-- WHAT YOU HAVE TO DO --
Your output should be the lines from the one containing "A Depeche Mode live event" through the end of the listing, exact and inclusive, with no pictures.

-- SUPPLIED DATA --
*** Begin section ***

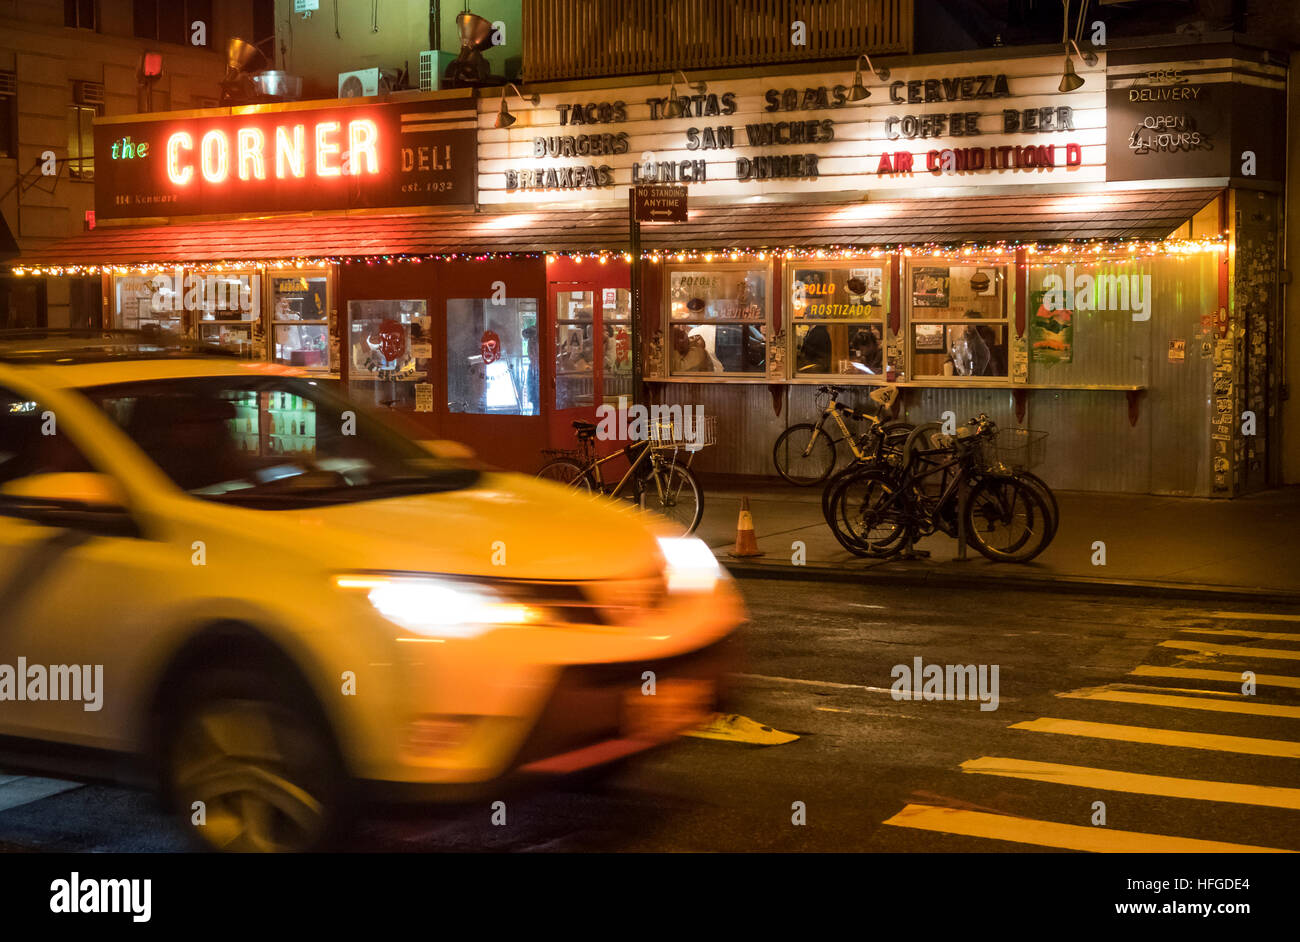 The Corner Deli, La Esquina, a popular Mexican restaurant in Soho in New York City Stock Photo
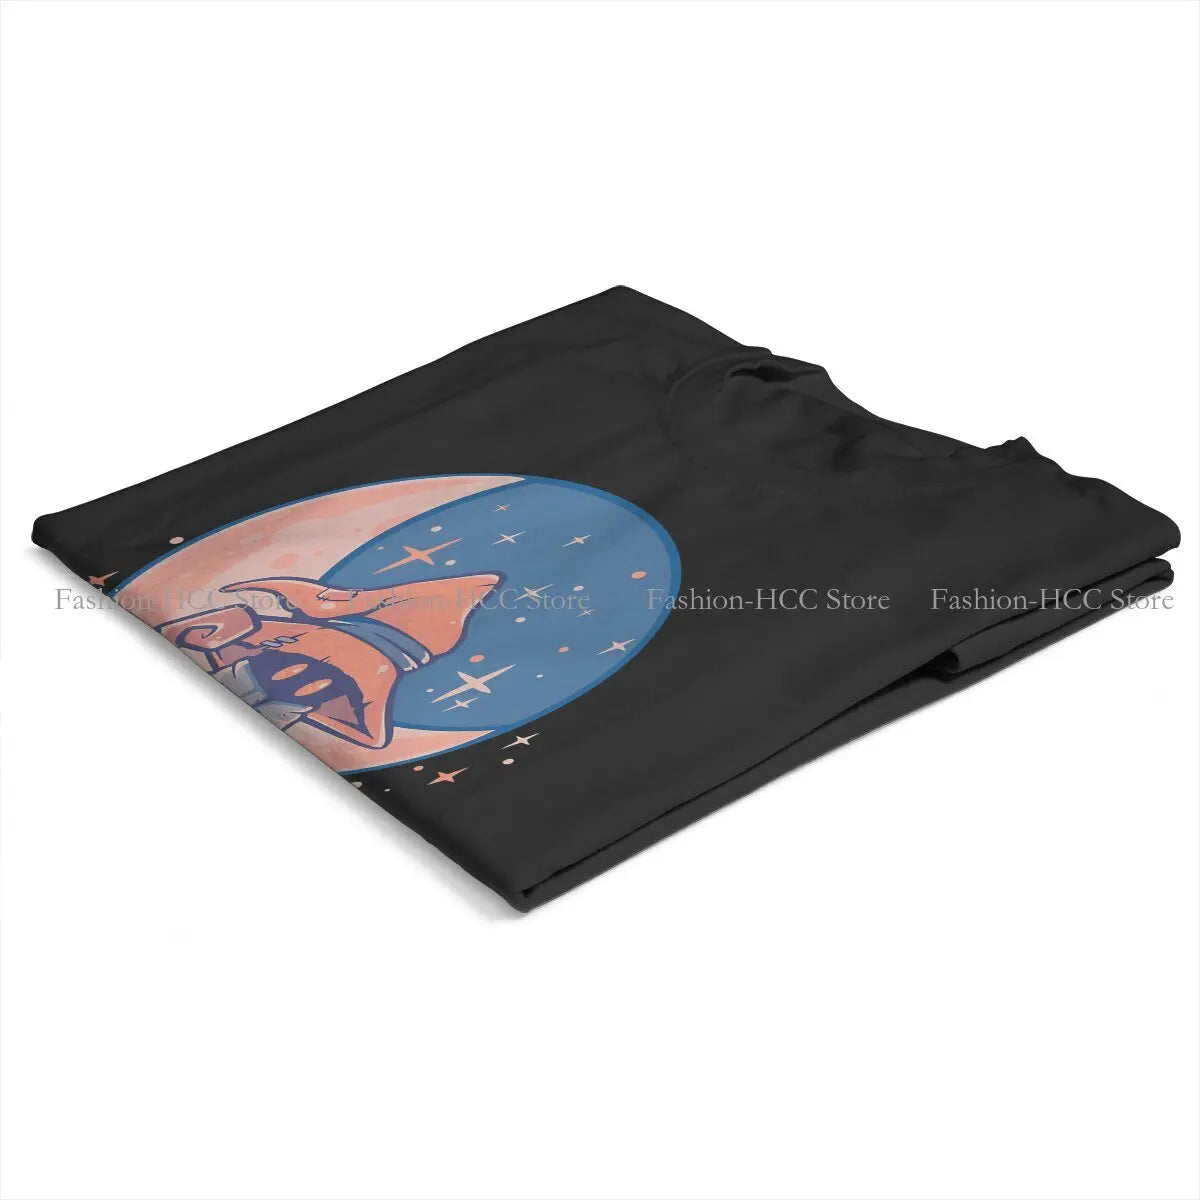 Ffixv Nightfall Noir Mage X Moogle King O Cou T-shirt Final Fantasy Basique T-shirt Haut Pour Femme Nouveau Design
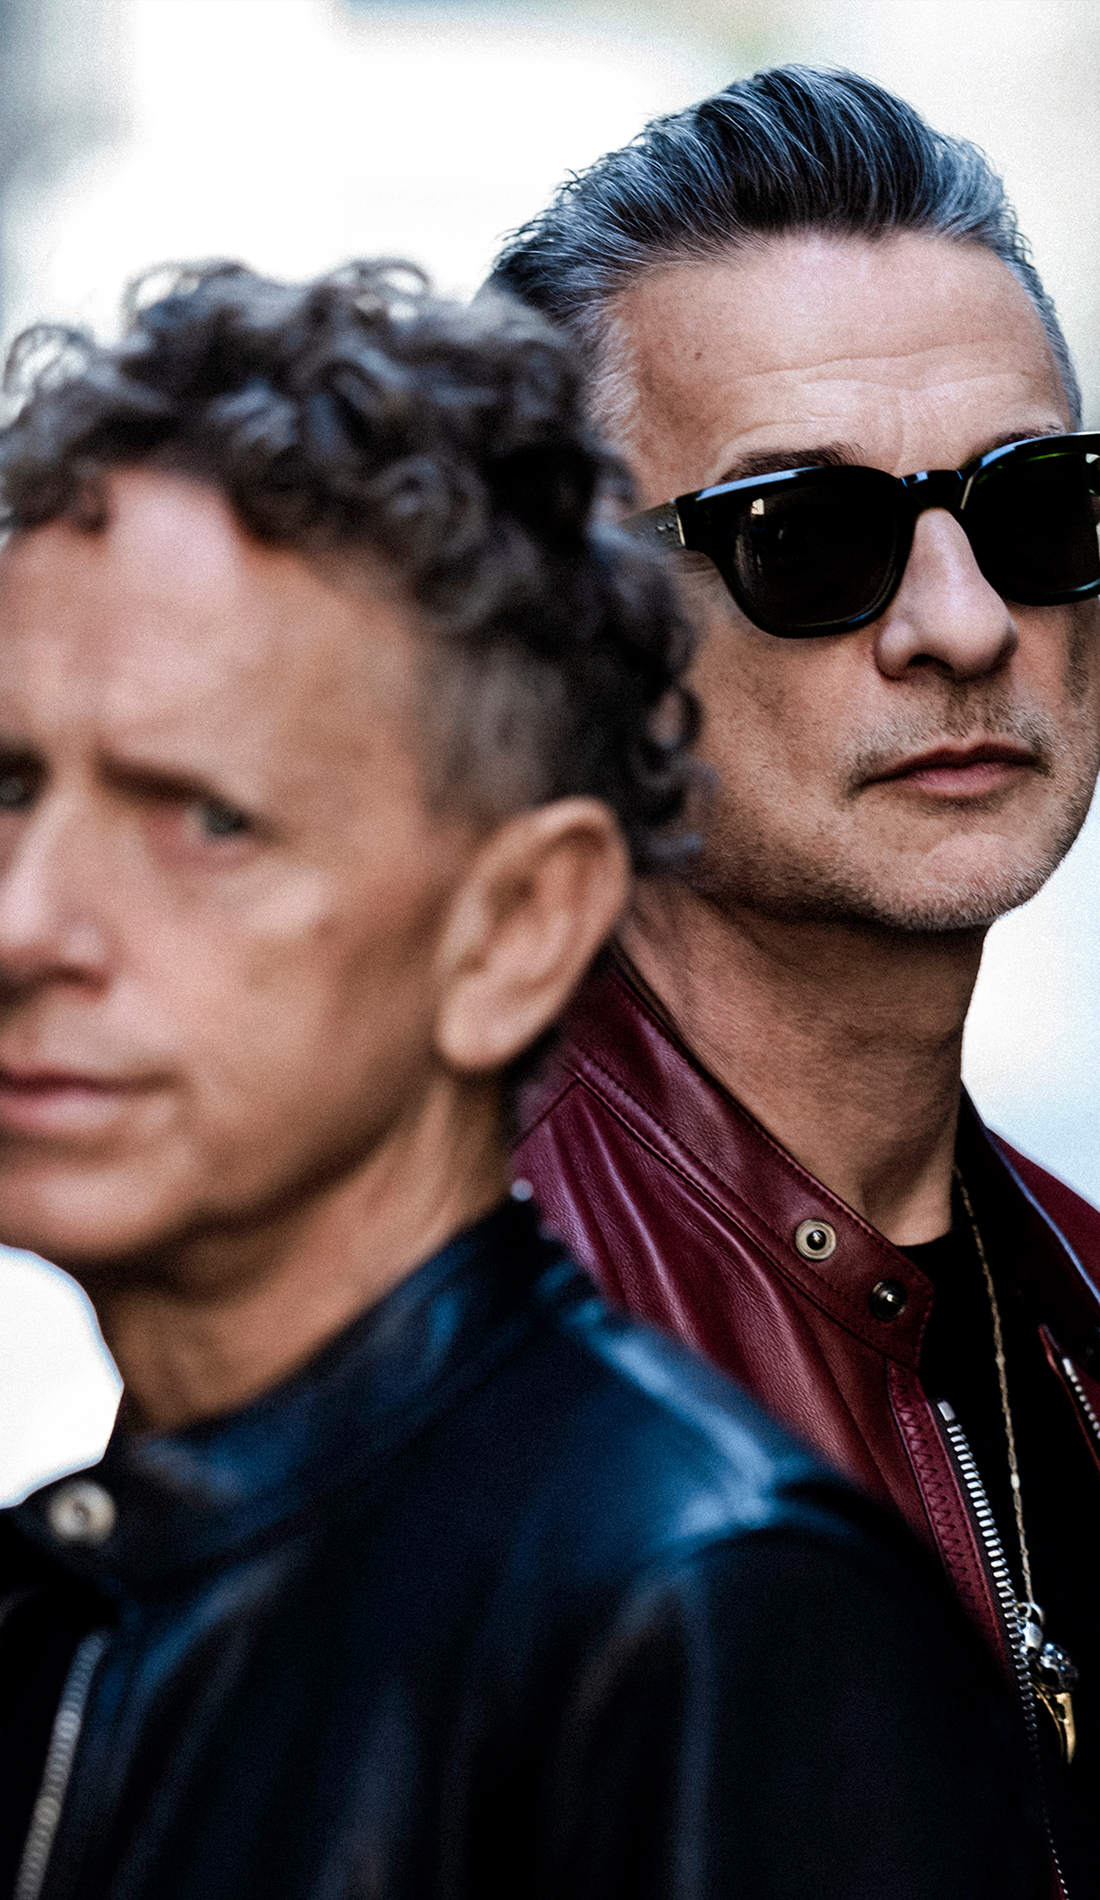 A Depeche Mode live event
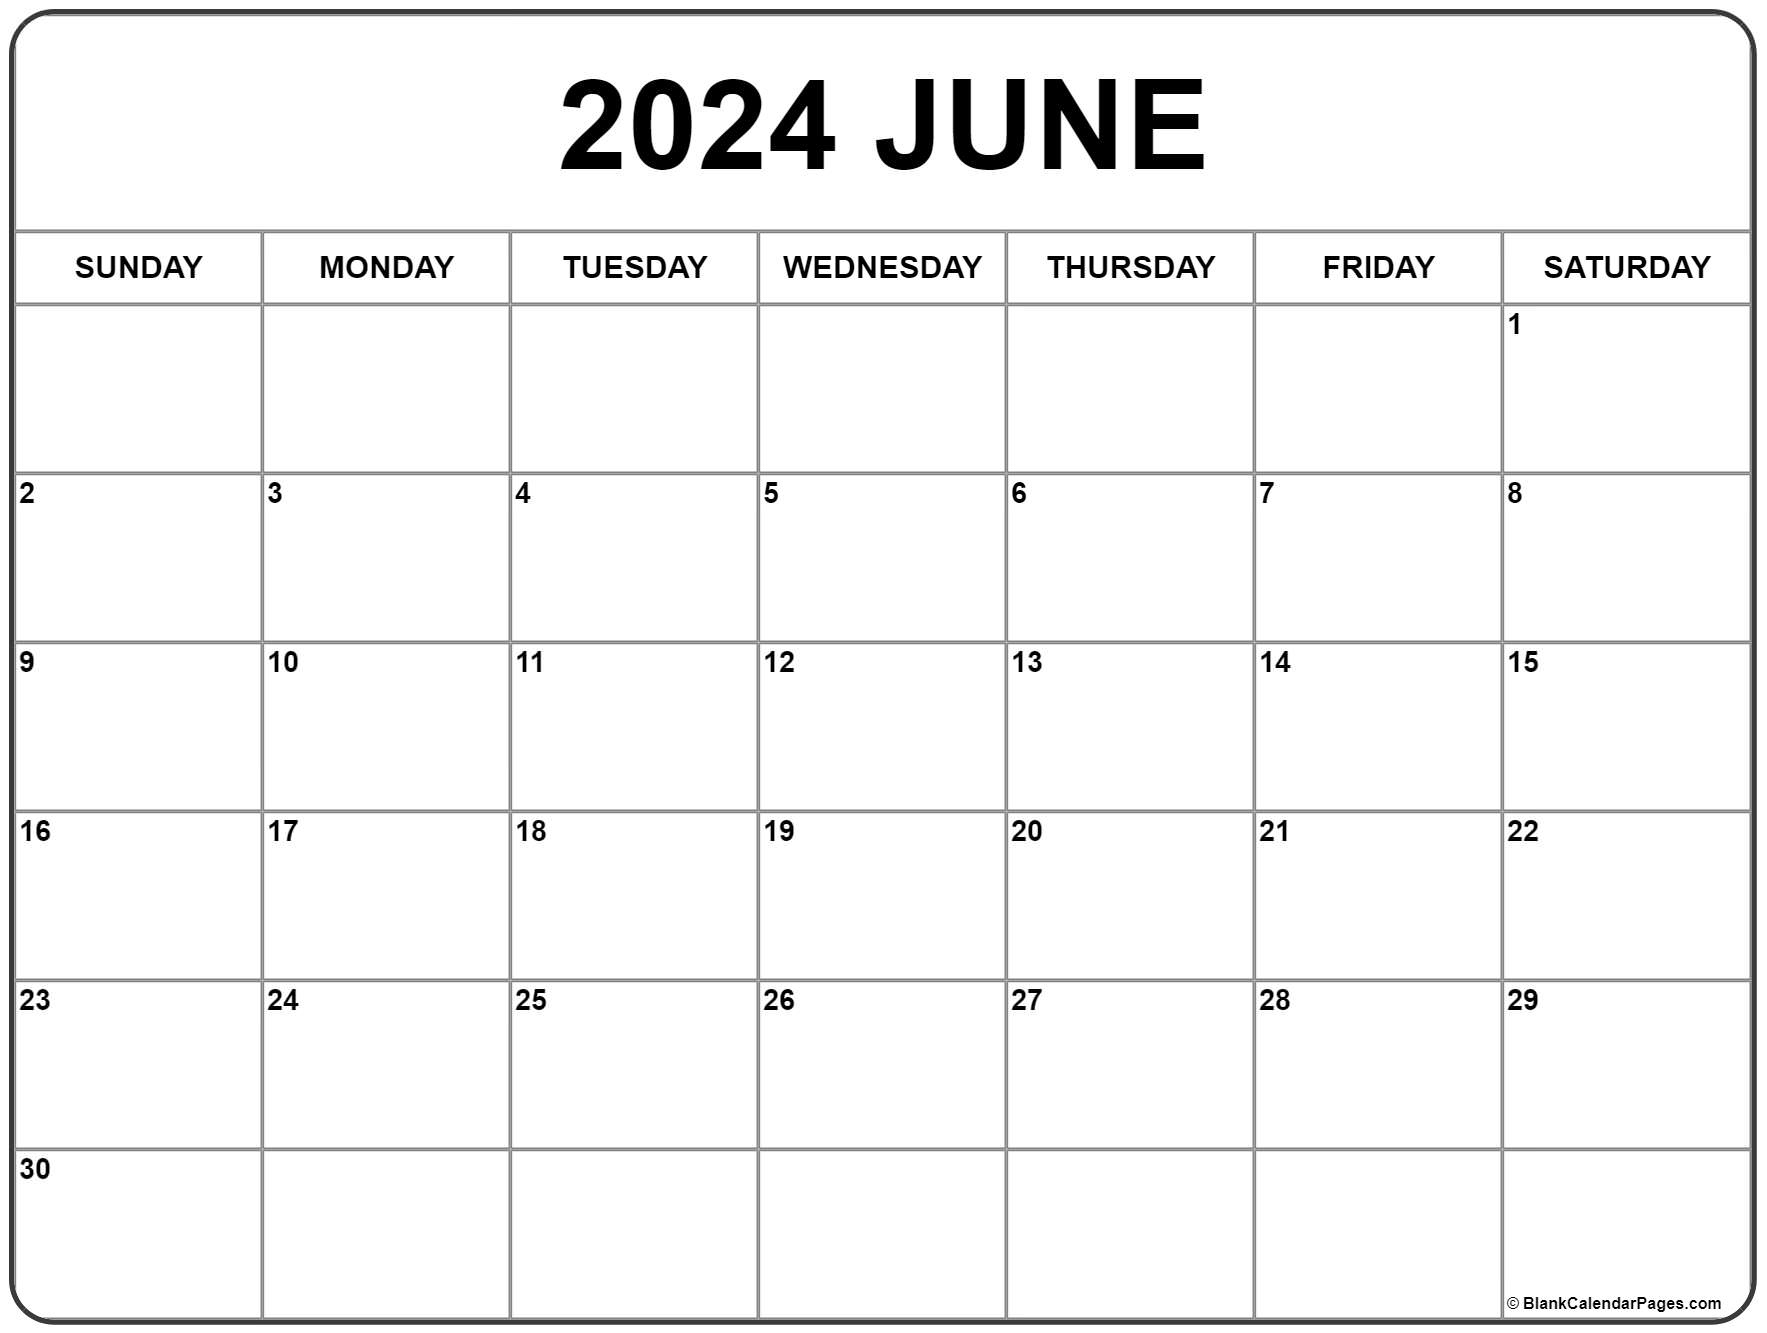 June 2024 Calendar | Free Printable Calendar inside Free Printable Calend June 2024

*** End section ***

-- RESPONSE --
 A Depeche Mode live event
 June 2024 Calendar | Free Printable Calendar inside Free Printable Calend June 2024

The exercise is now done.